§ Source records
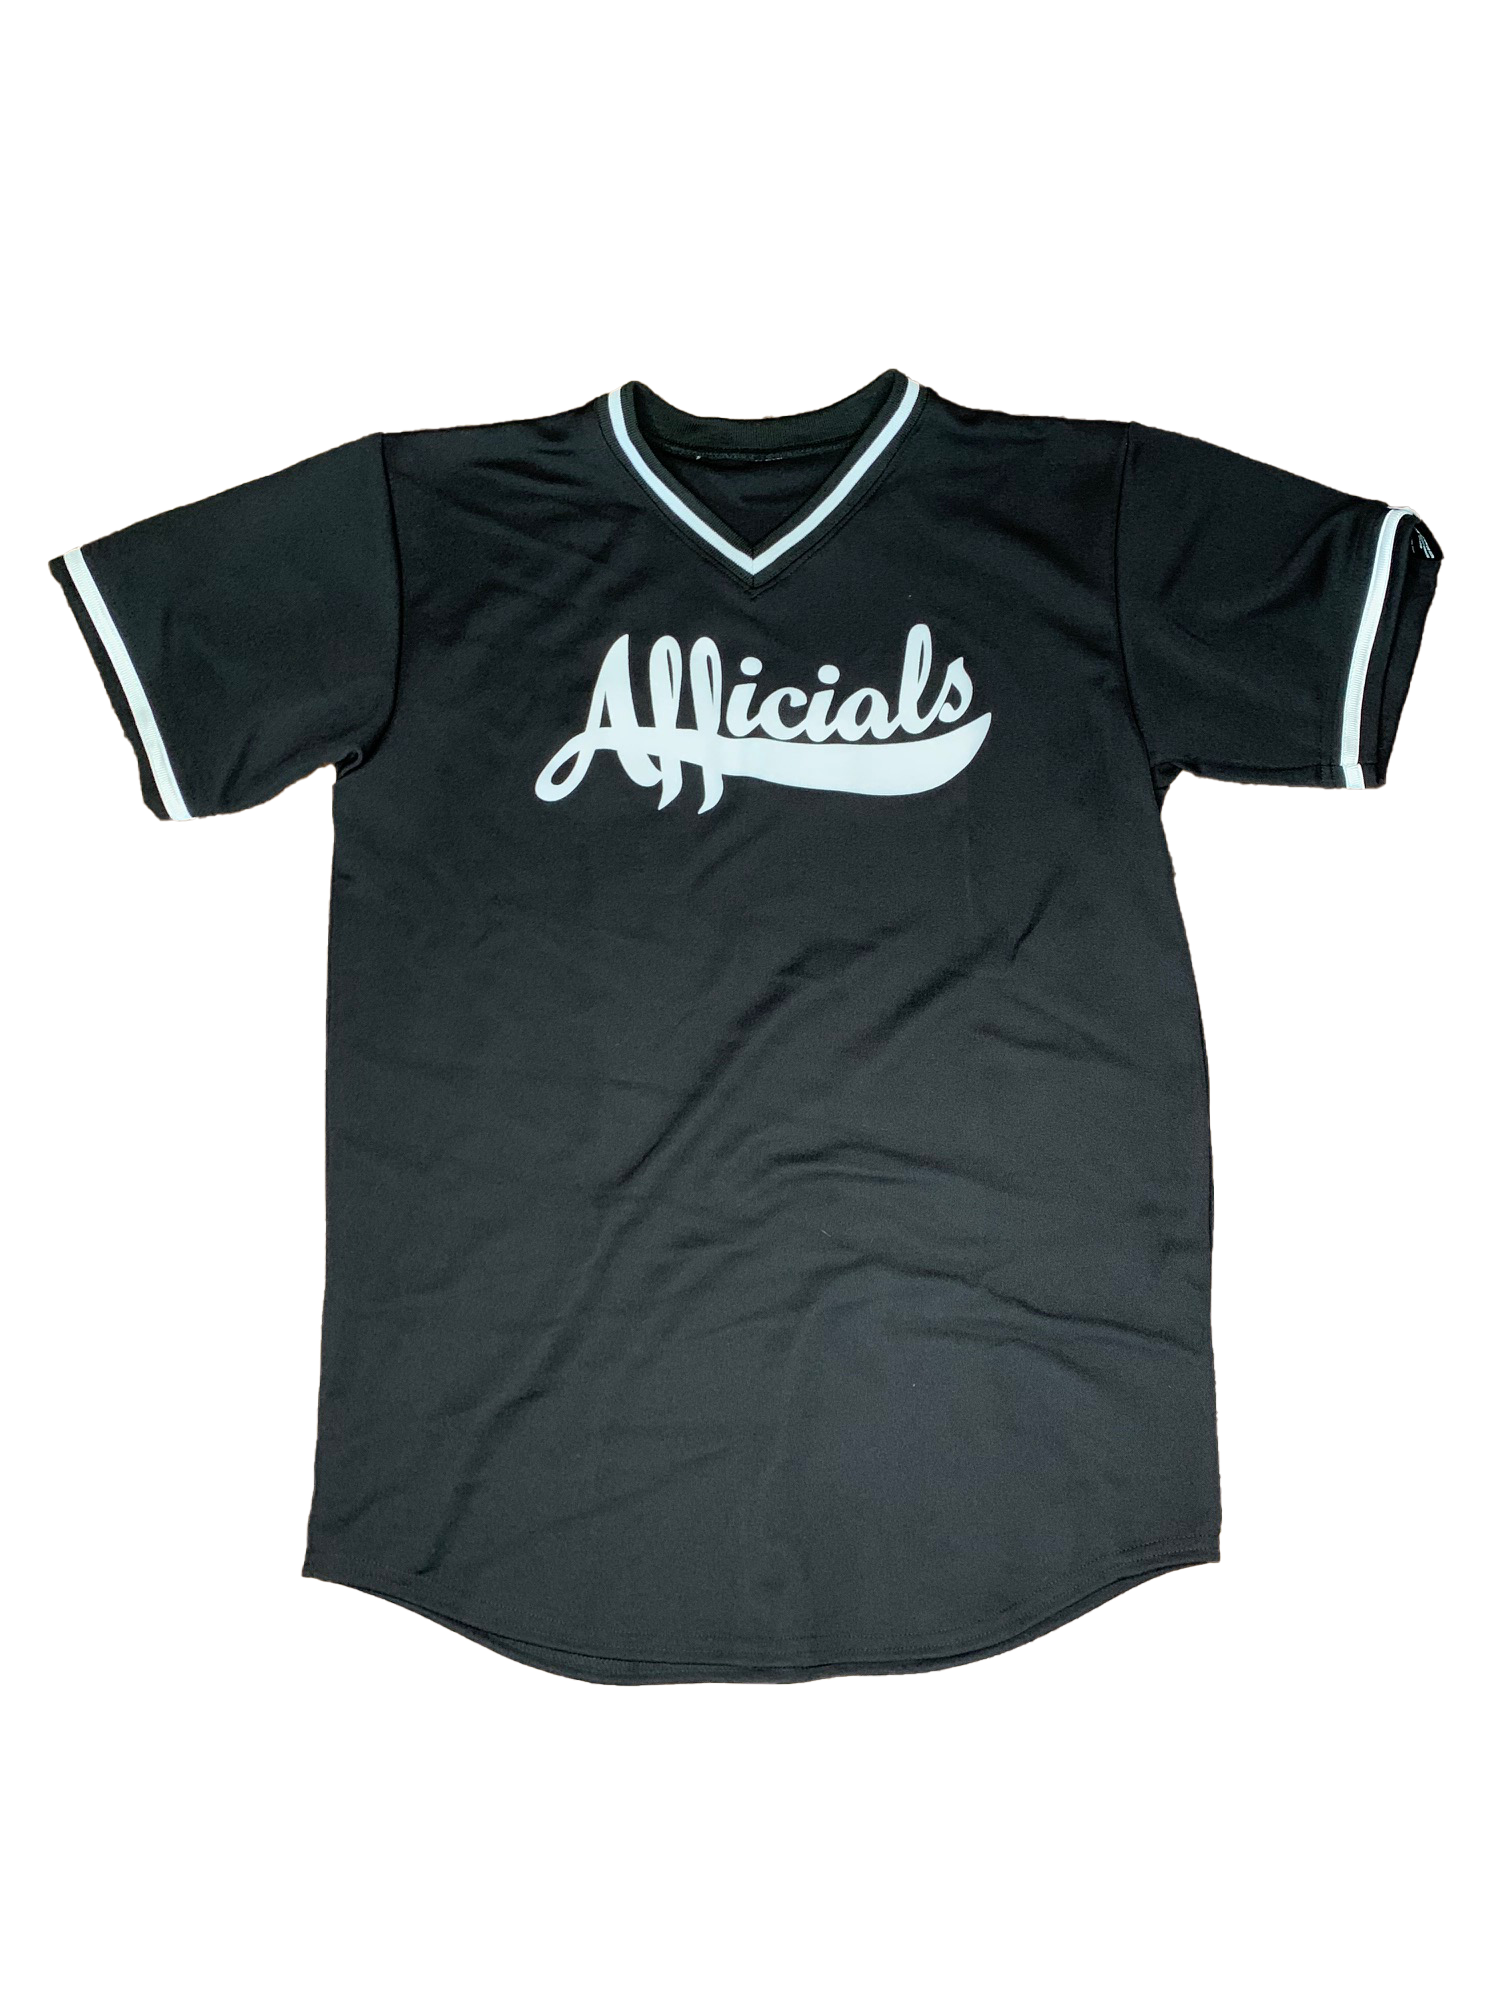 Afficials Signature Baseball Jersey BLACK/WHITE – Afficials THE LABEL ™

==

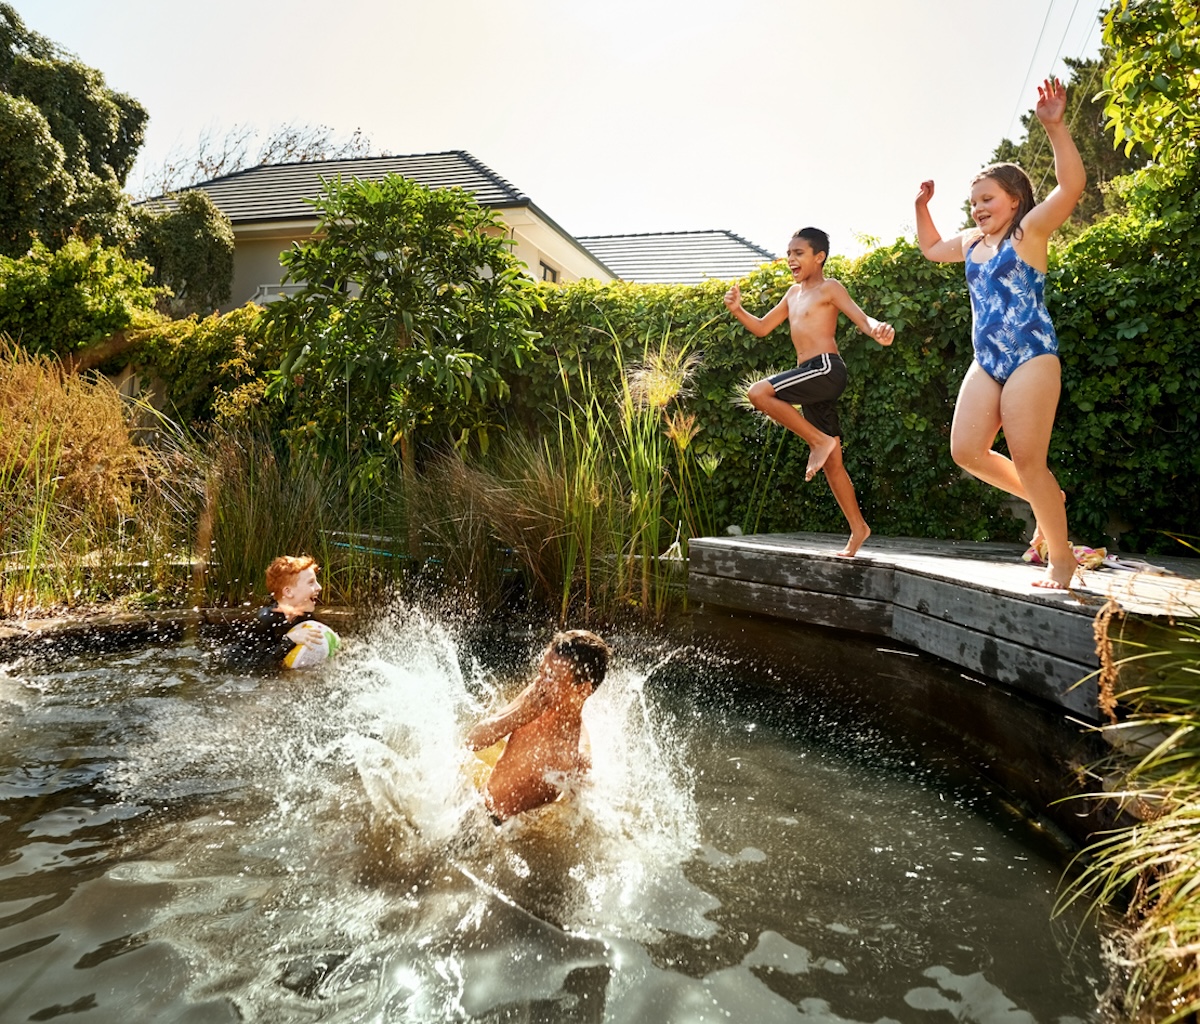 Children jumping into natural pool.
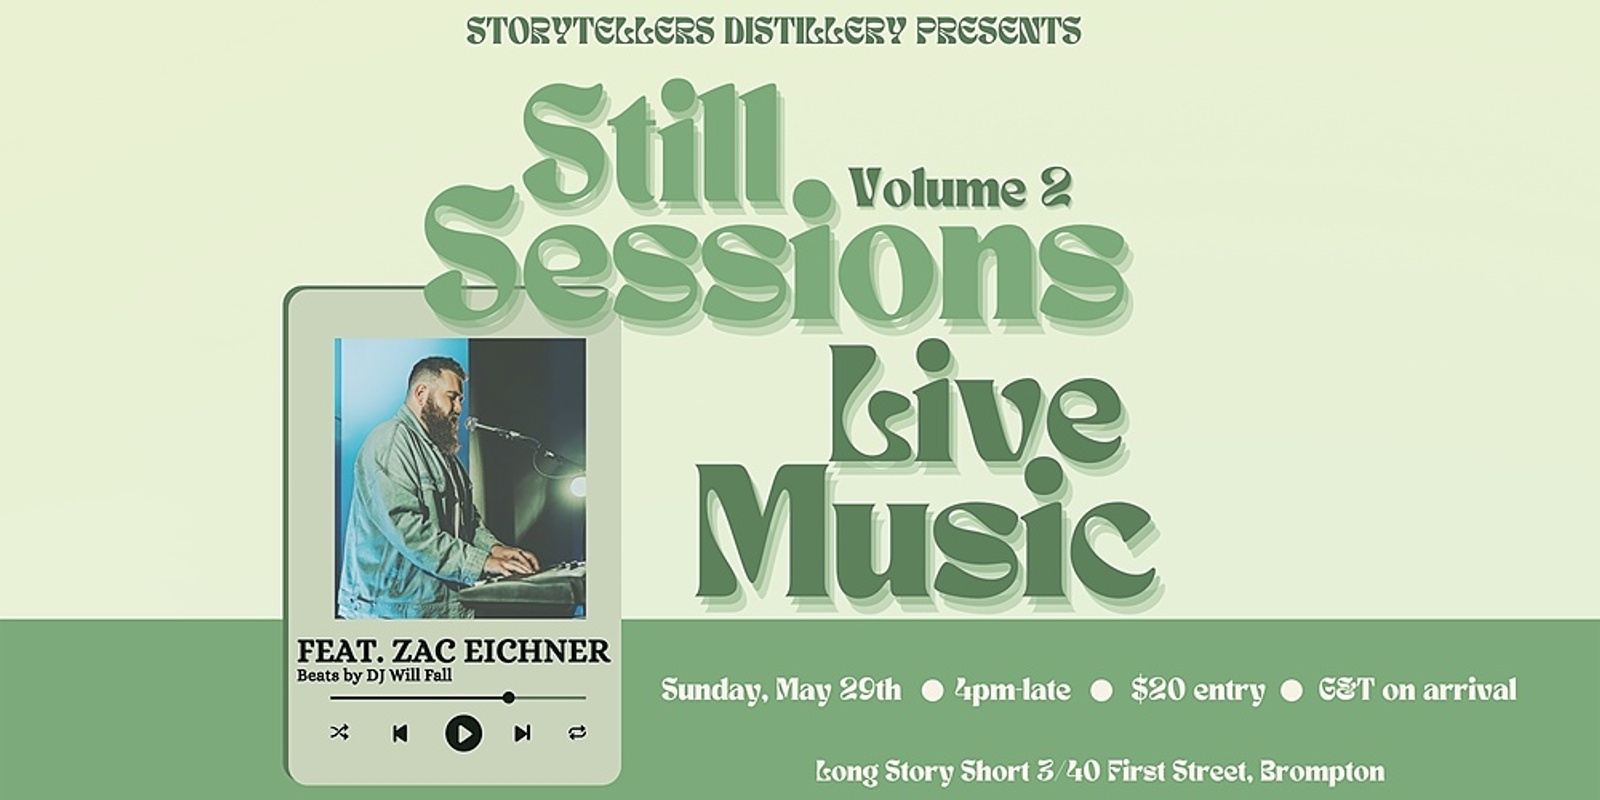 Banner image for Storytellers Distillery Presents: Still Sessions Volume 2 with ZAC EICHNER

§ Work to complete
What are the lines above from the one with "Children jumping into natural pool." to the one with "Banner image for", both included? Reproduce them exactly, without pictures.

§ Task answer
 Children jumping into natural pool.
 Banner image for Storytellers Distillery Presents: Still Sessions Volume 2 with ZAC EICHNER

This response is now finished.